Catherine O'Sullivan |
September 6, 2013 | 8:45 a.m. PDT

Contributing Writer

Boogie Frantick performed in The Underground Street Chronicles at USC's Bovard Auditorium (Wiebke Schuster/Neon Tommy)
Boogie Frantick performed in The Underground Street Chronicles at USC's Bovard Auditorium (Wiebke Schuster/Neon Tommy)
I’ve got to be honest here.  By the late 1980’s I had pretty much given up on dance.  I blame two things. One, a lot of modern dance troupes disappeared due to a lack of funding. And two, Ikea opened stores across the country and began selling long collapsible nylon tubes you could crawl through, stand up in and even use as tents. My kids had a few and had a great time with them. I believe I saw at least three modern dance performances in which participants thumped across stages like unhinged tube worms trying to communicate something.  I was never sure exactly what.

On September 3, 2013, the performance of The Underground Street Chronicles and “krumping” at the University of Southern California changed all that. Krumping is not just dance. It transcends dance. And Tuesday evening’s performance was the most kinetically honest thing I have ever seen..

Click here for Neon Tommy's interview with The Underground Street Chronicle performer Boogie Frantick.

Krumping is anything but gentle and as far as I can tell has few to no boundaries at all. An intensely physical style requiring equal amounts of strength and coordination set to music, it is not so much a dance as the complete utilization of the human body to express intense emotion. It blows through metaphor. It is not “meta” anything. It doesn’t waste energy with symbols and convention. Instead of telling us what something is like, it represents what is. It is real human angst, fear, anger, sorrow, trepidation, intimidation, play, love and hate physicalized and delivered with a knock-out punch to every pre-conception you have. It is the human body as message: pleading, despairing, screaming and warring.

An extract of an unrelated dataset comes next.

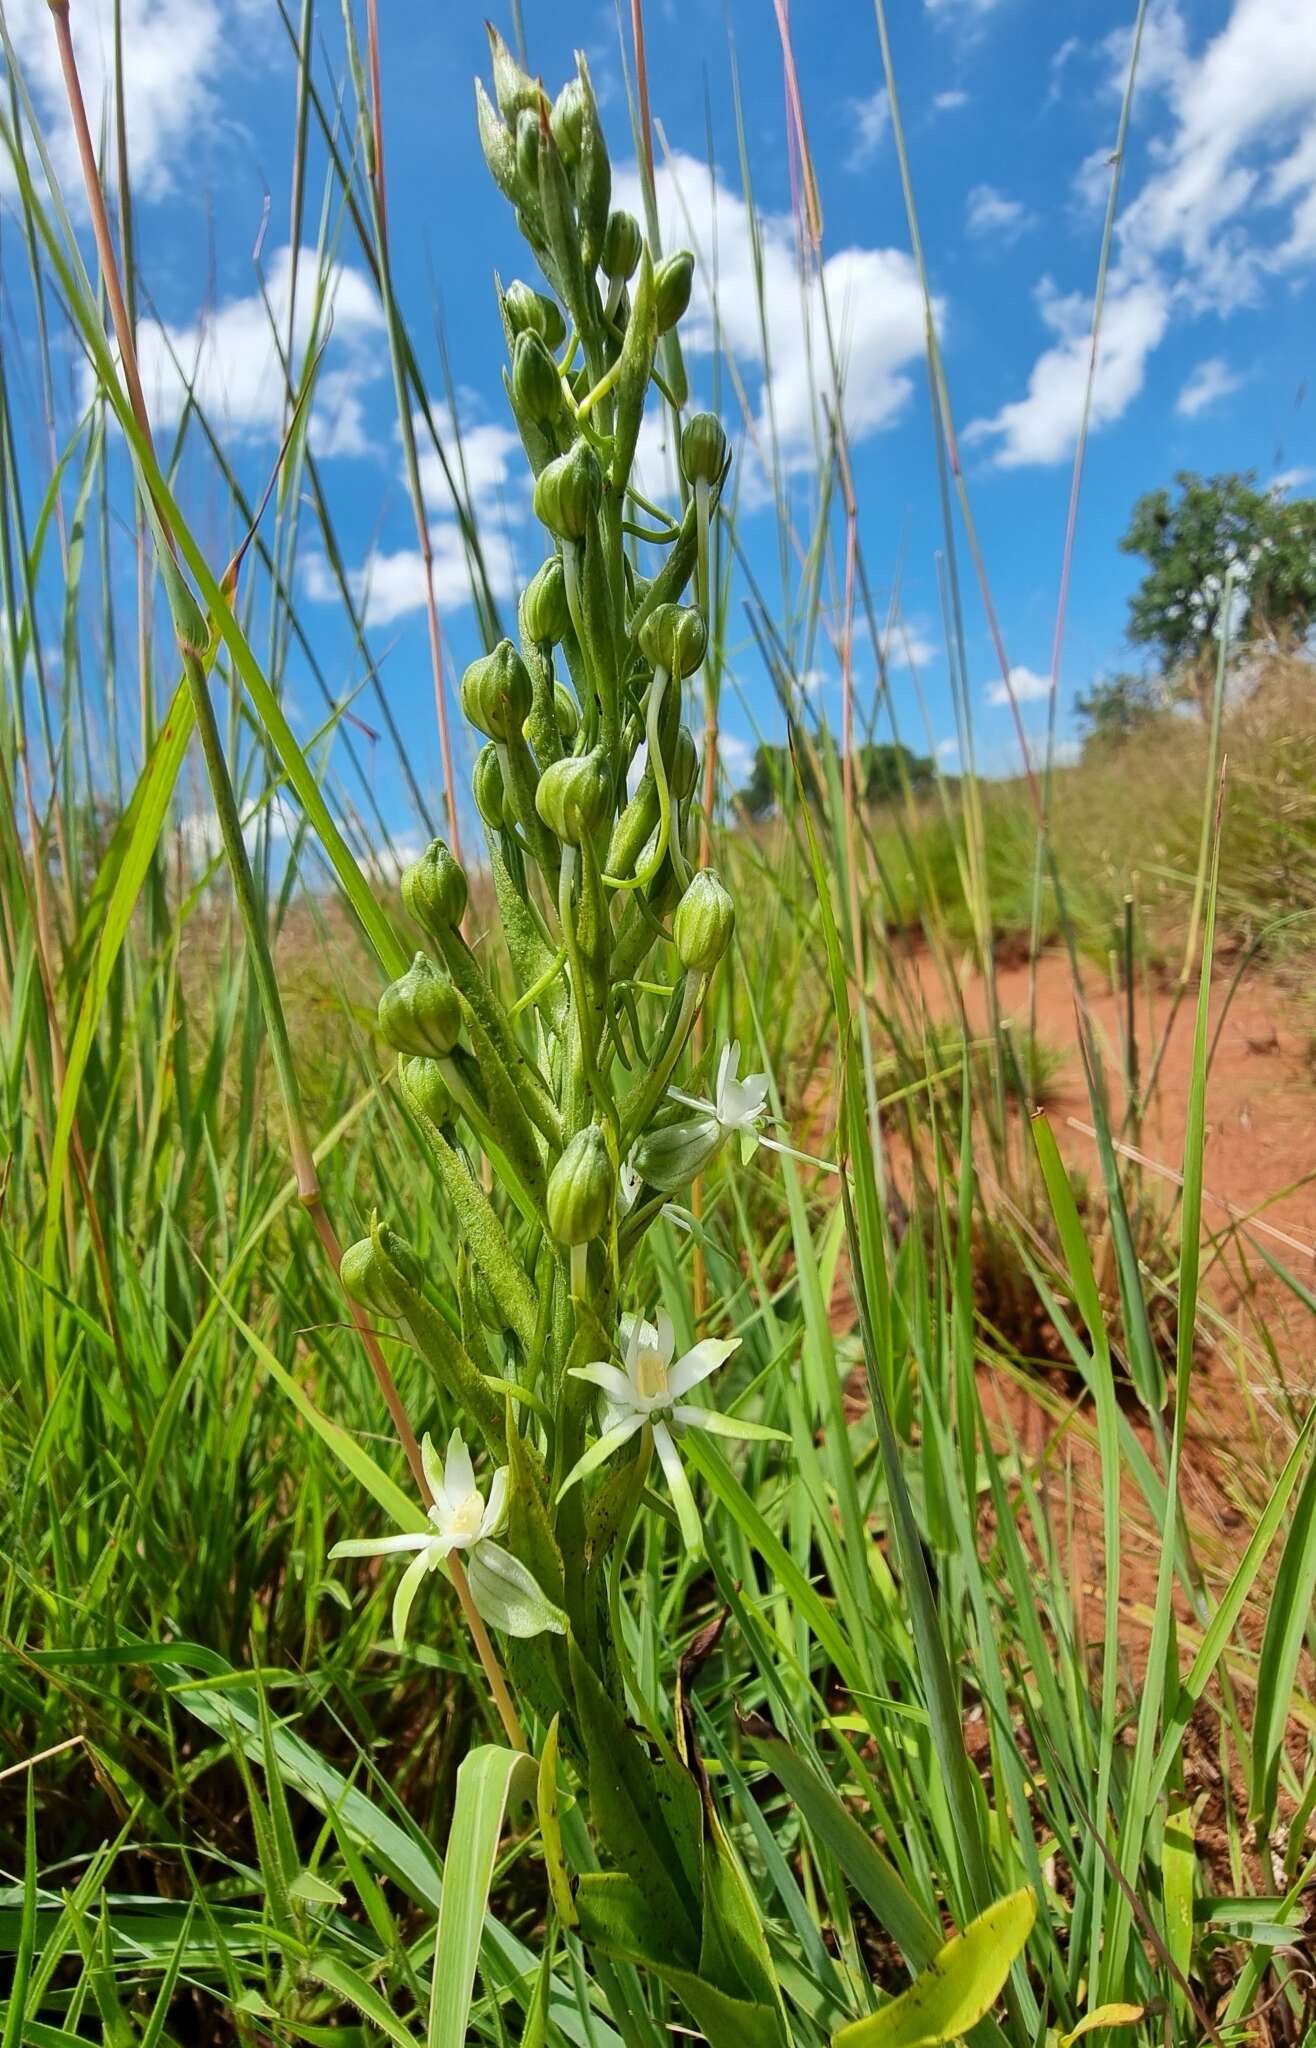 Image of Habenaria caffra Schltr.

The entire performance was electric but two pieces stood out. The first, called “Heavy is the Crown,” performed by Lil “C” begins with police lights and recorded cop voices hassling a guy for dancing, again, which key here. Lil “C’s” performance communicates exactly what it feels like to exist in the narrow allowance that is being urban and poor, dwelling in a world where you are hassled by authorities again and again for simply trying to exist. He pleads, crawling across the stage arms extended, he rails, he moves into his own skin depicting exactly the violence being continually harassed and threatened does to the human soul. He doesn’t tell the audience what “it feels like.” He tells us what it is. It’s an important distinction and an incredibly moving piece by the person, who with Miss Prissy, is responsible for krump.

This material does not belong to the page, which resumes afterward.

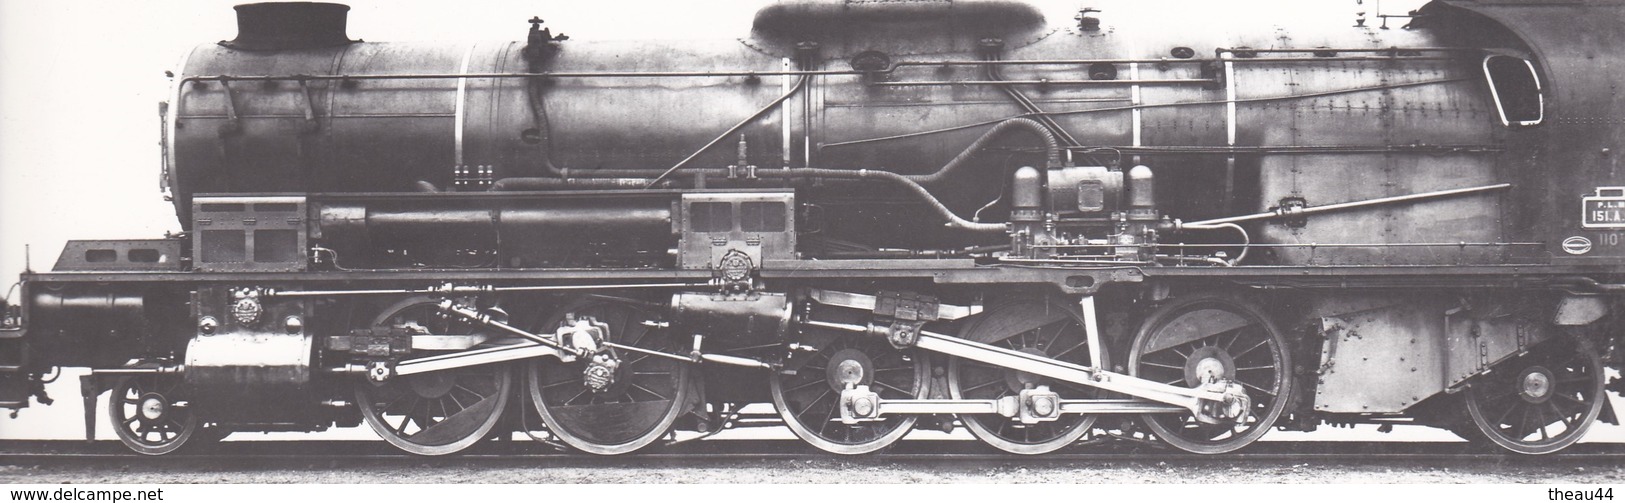 ¤¤  -  Cliché D'une Locomotive Du P.L.M. N° 151.A.1   -  Voir Description   -   ¤¤ - Equipment

The second is Marquisa “Miss Prissy” Gardner’s, “She Is.”  To see Miss Prissy, the Queen of Krump, allows little doubt.  With an intense physical presence and disciplined dancer’s body she’s classically trained and has obviously been at it hard her whole life. This is an angry piece beginning poignantly with a mother’s gentleness as she sees her young daughter off stage and escalating as she lashes out at the universe for everything that has tried to restrain her and stand in her way knowing full well that her beloved daughter will have to go through the same things. She rails, her facial expressions angry, her chest-forward postures allowing no doubt that you’re in the presence of an alpha female. She struts across the space punching the air, spiritually roaring like a lioness and as she squares off with a harsh and unfair world.

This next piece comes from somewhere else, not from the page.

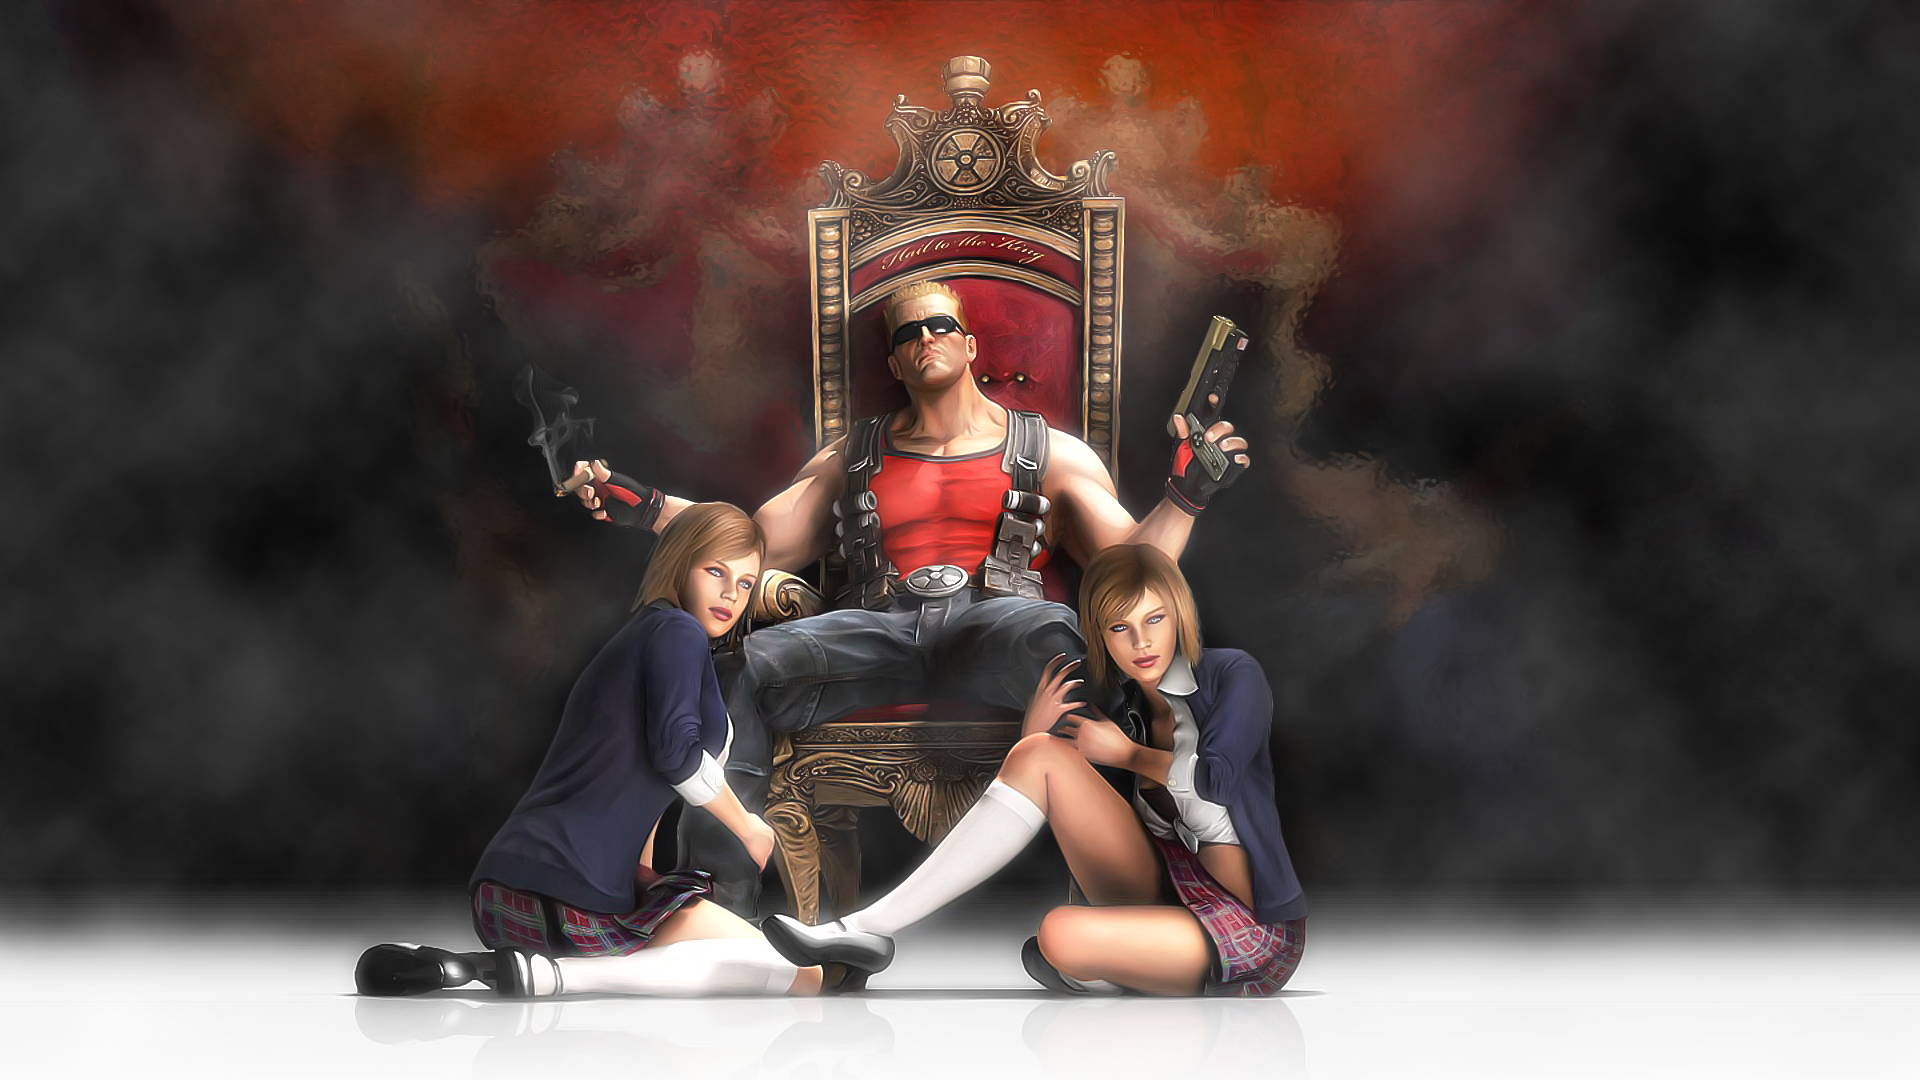 Video Game Duke Nukem Forever HD Wallpaper | Background Image

There is an intrinsic contradiction in presenting material inherently free-form on the stage. But I would have liked it if the show had ended more cleanly, clearly delineating the question and answer session at the end of the show from the performance.  As it was they melded into each other not altogether smoothly. This detracted from the impact of the performance.

Oh, and this is cool: There will be krump workshops with Miss Prissy and Lil "C" Wednesday, September 11, and Friday, September 13, from 4:15 to 5:30 p.m. on USC's campus. Admission is free and open to everyone. RSVP required.